Data listing:
---+---
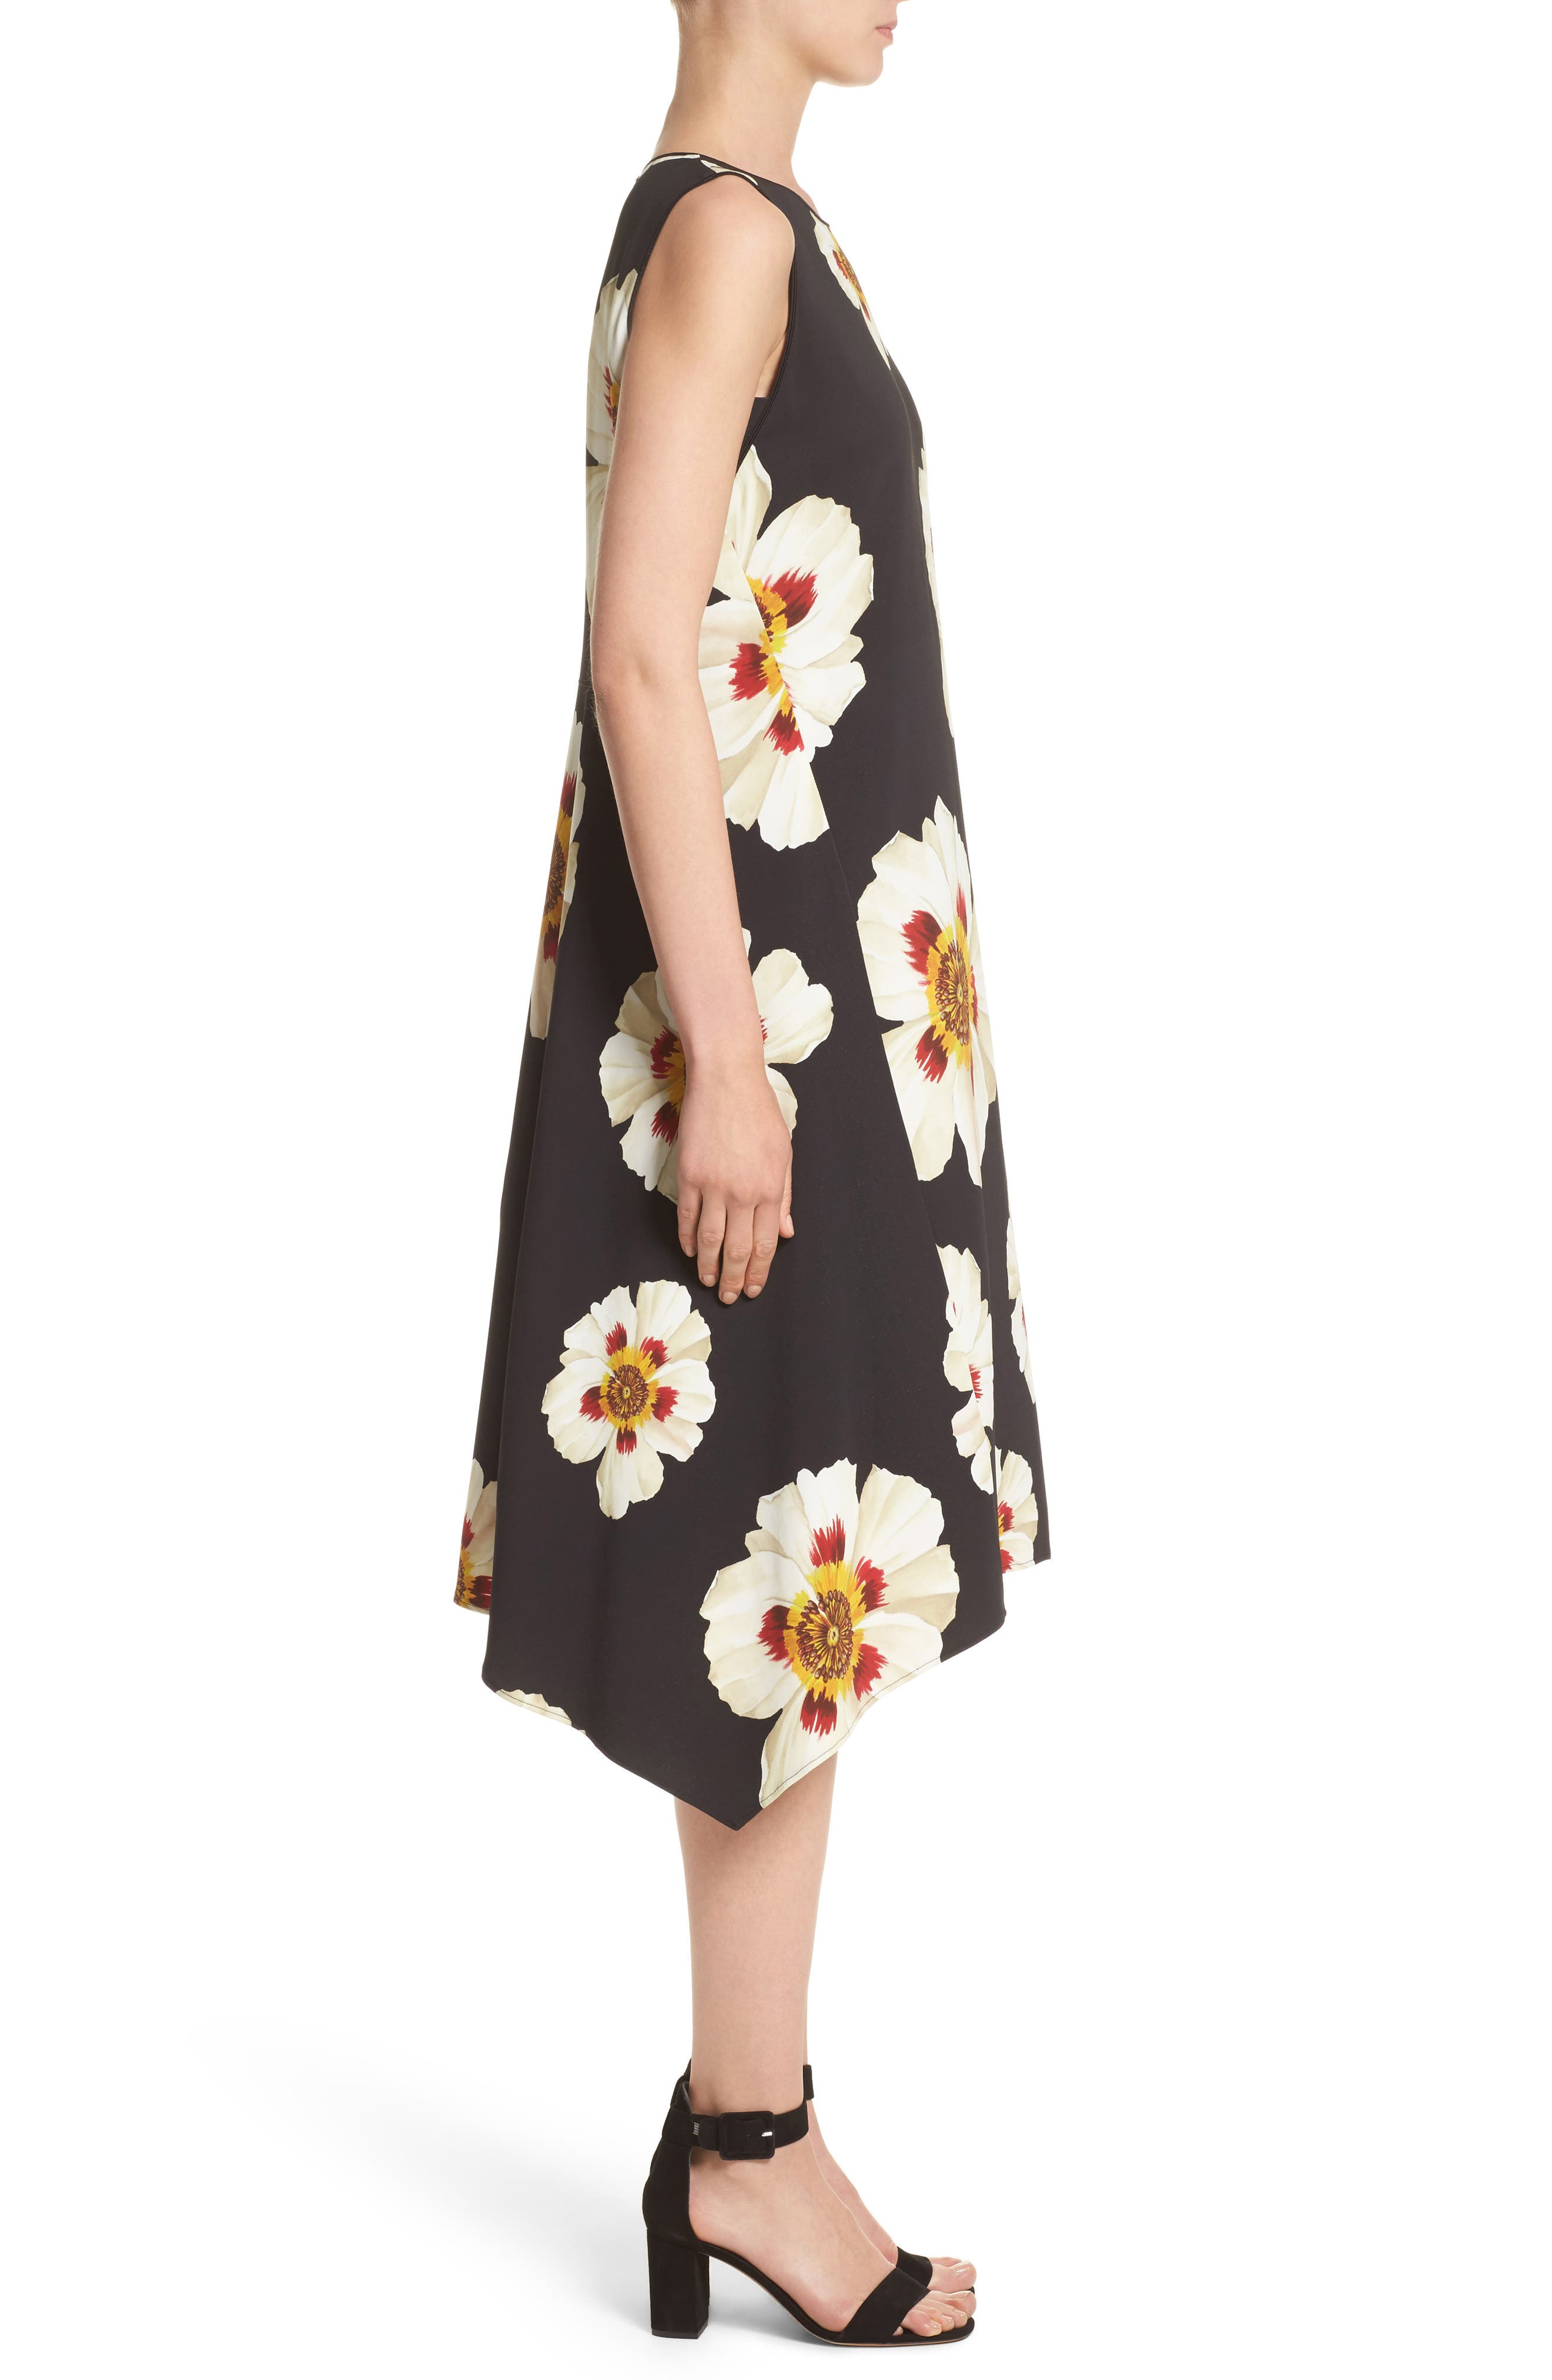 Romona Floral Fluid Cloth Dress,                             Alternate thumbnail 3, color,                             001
---+---
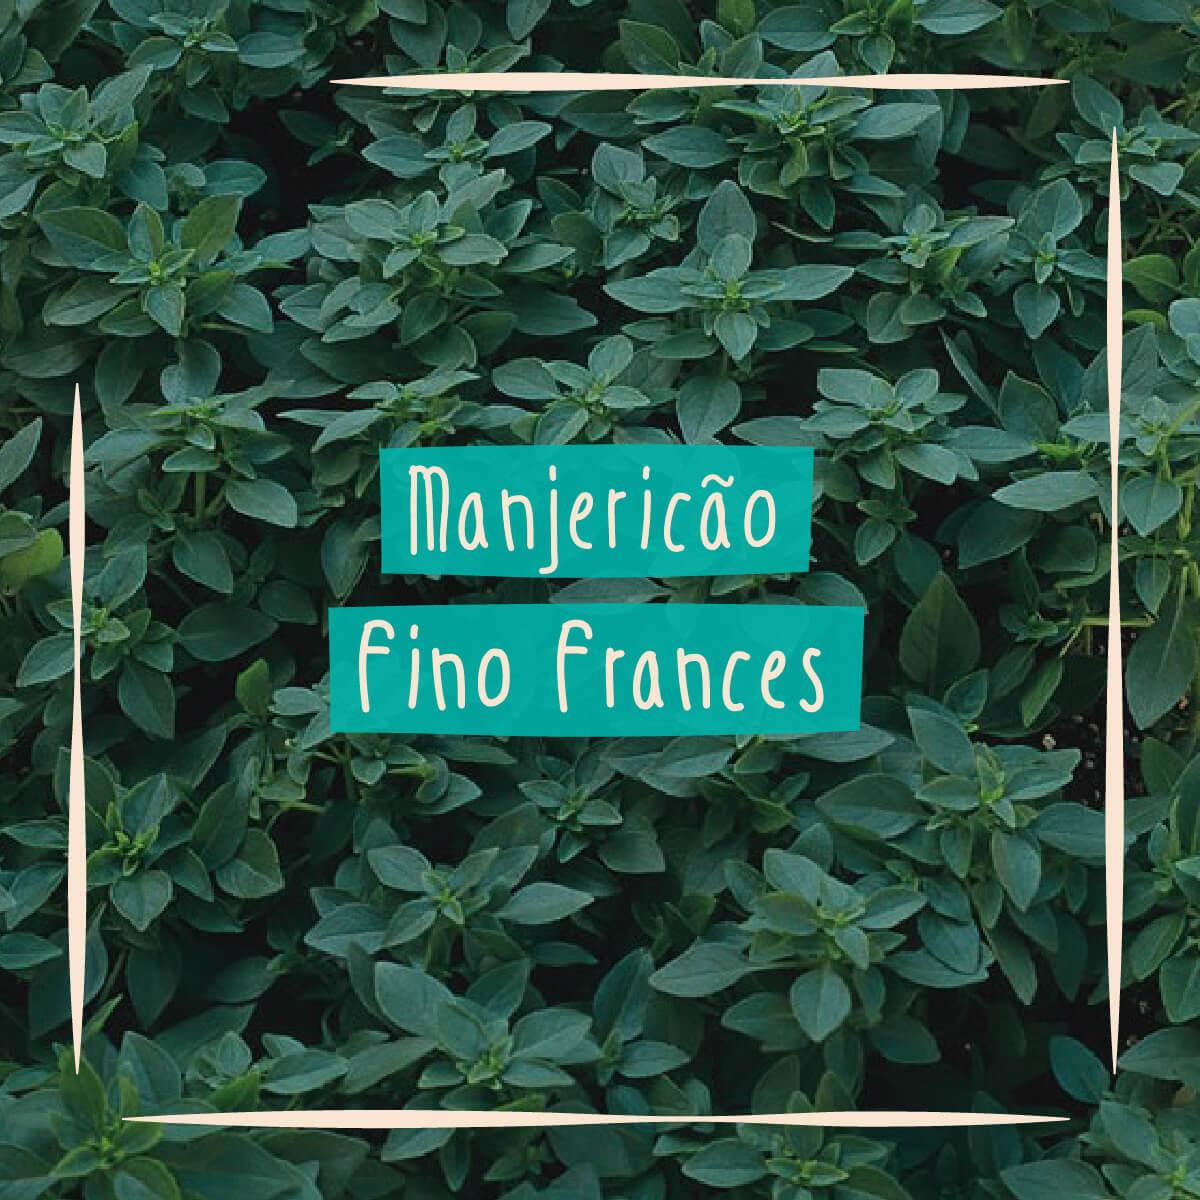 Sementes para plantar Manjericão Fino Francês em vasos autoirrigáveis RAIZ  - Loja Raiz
---+---
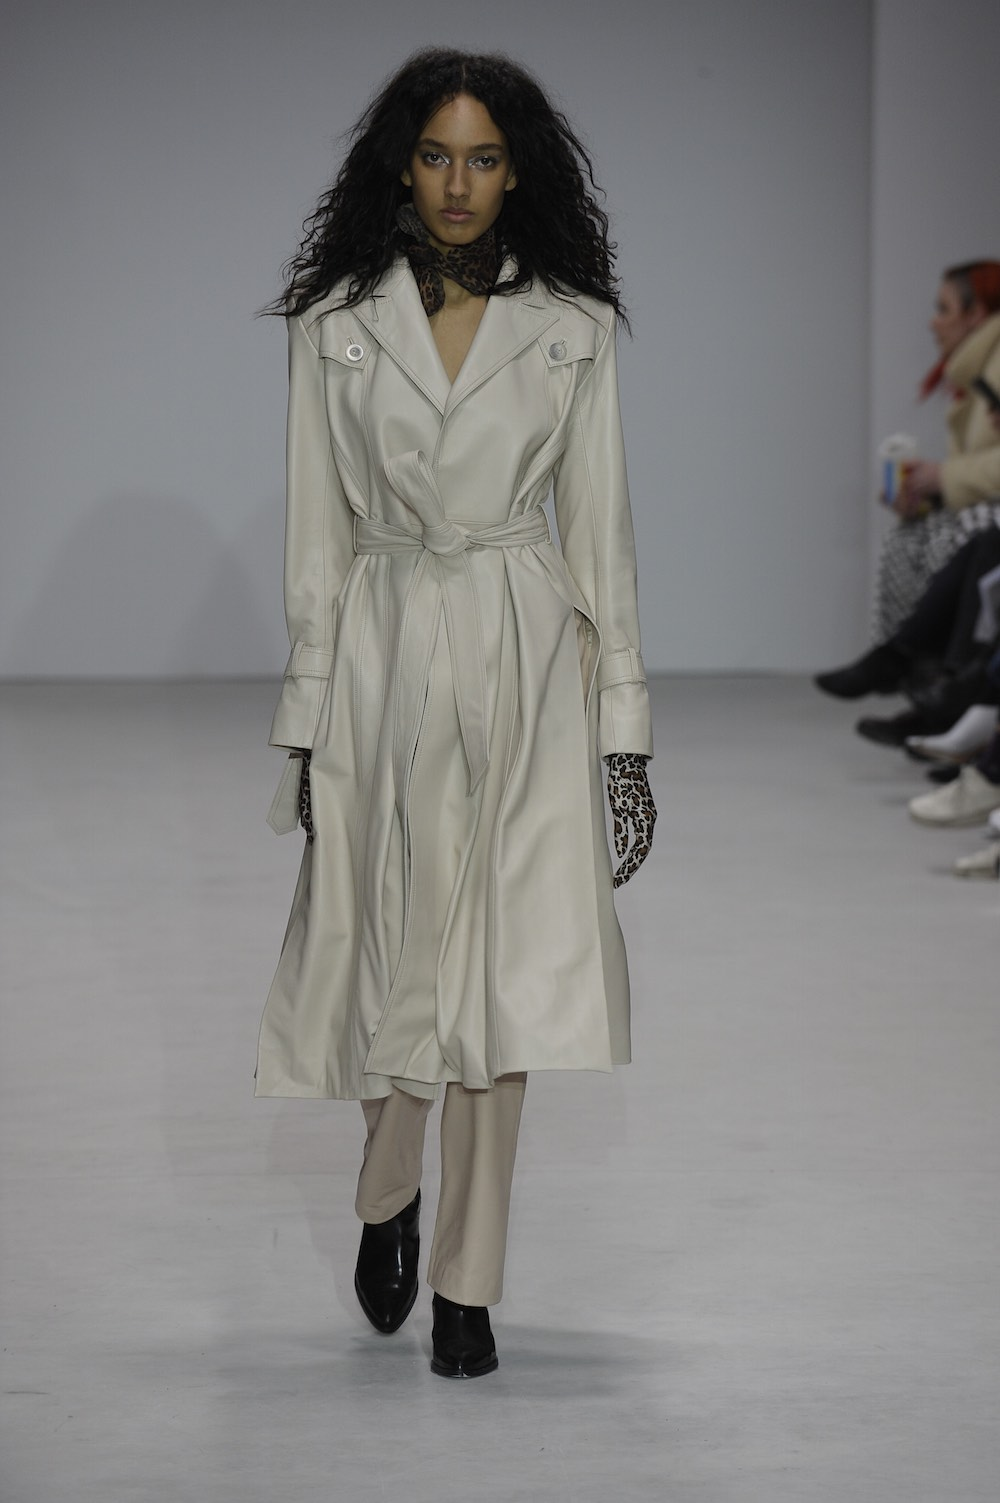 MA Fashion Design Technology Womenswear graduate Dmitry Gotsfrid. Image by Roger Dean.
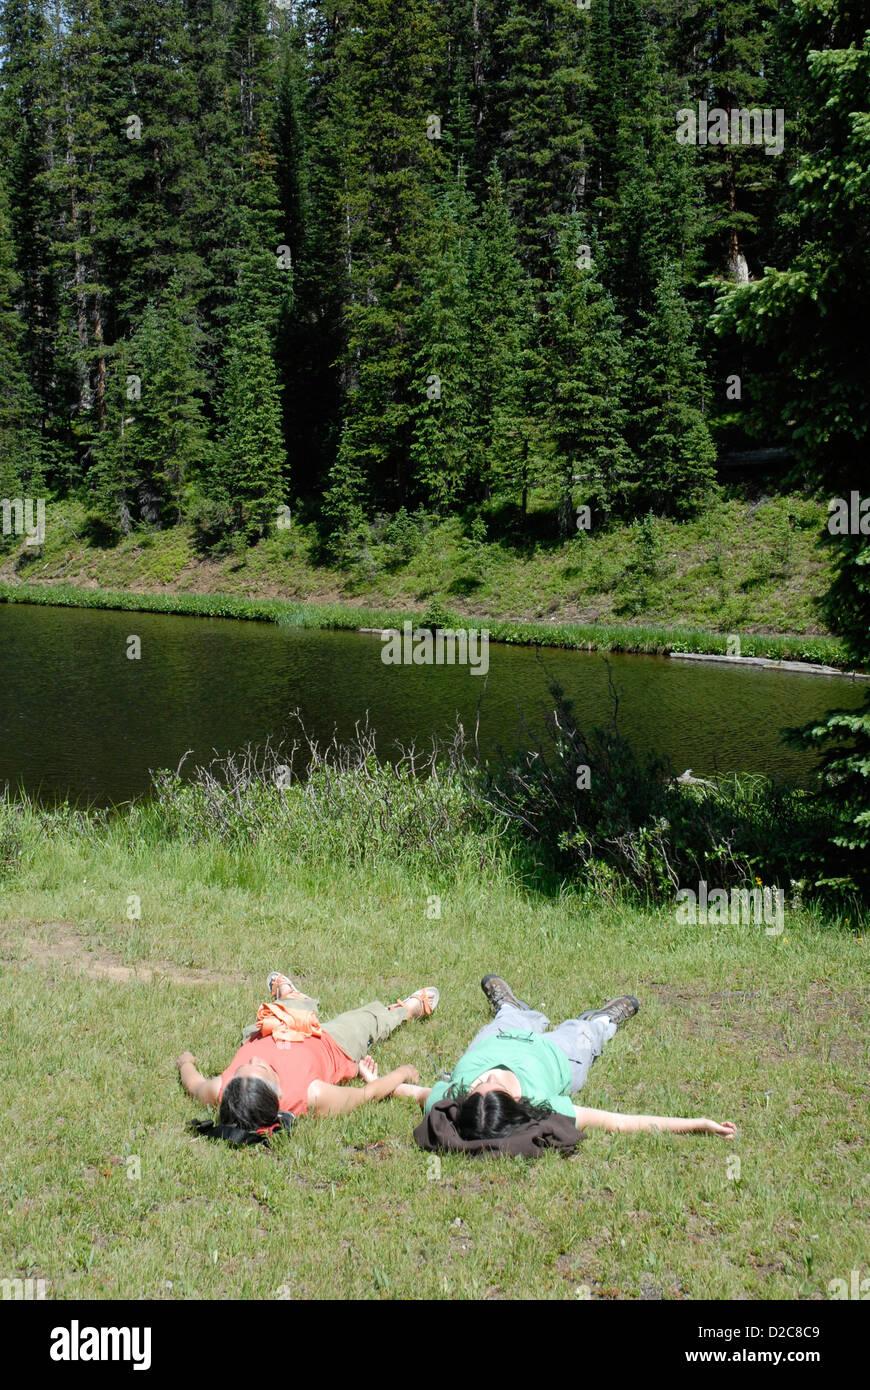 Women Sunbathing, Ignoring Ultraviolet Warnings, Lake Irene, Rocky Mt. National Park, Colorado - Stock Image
---+---
Starting at the line above that holds "MA Fashion Design", return each line up to and including the one that holds "Women Sunbathing, Ignoring", exactly as written, minus any pictures.

 MA Fashion Design Technology Womenswear graduate Dmitry Gotsfrid. Image by Roger Dean.
 Women Sunbathing, Ignoring Ultraviolet Warnings, Lake Irene, Rocky Mt. National Park, Colorado - Stock Image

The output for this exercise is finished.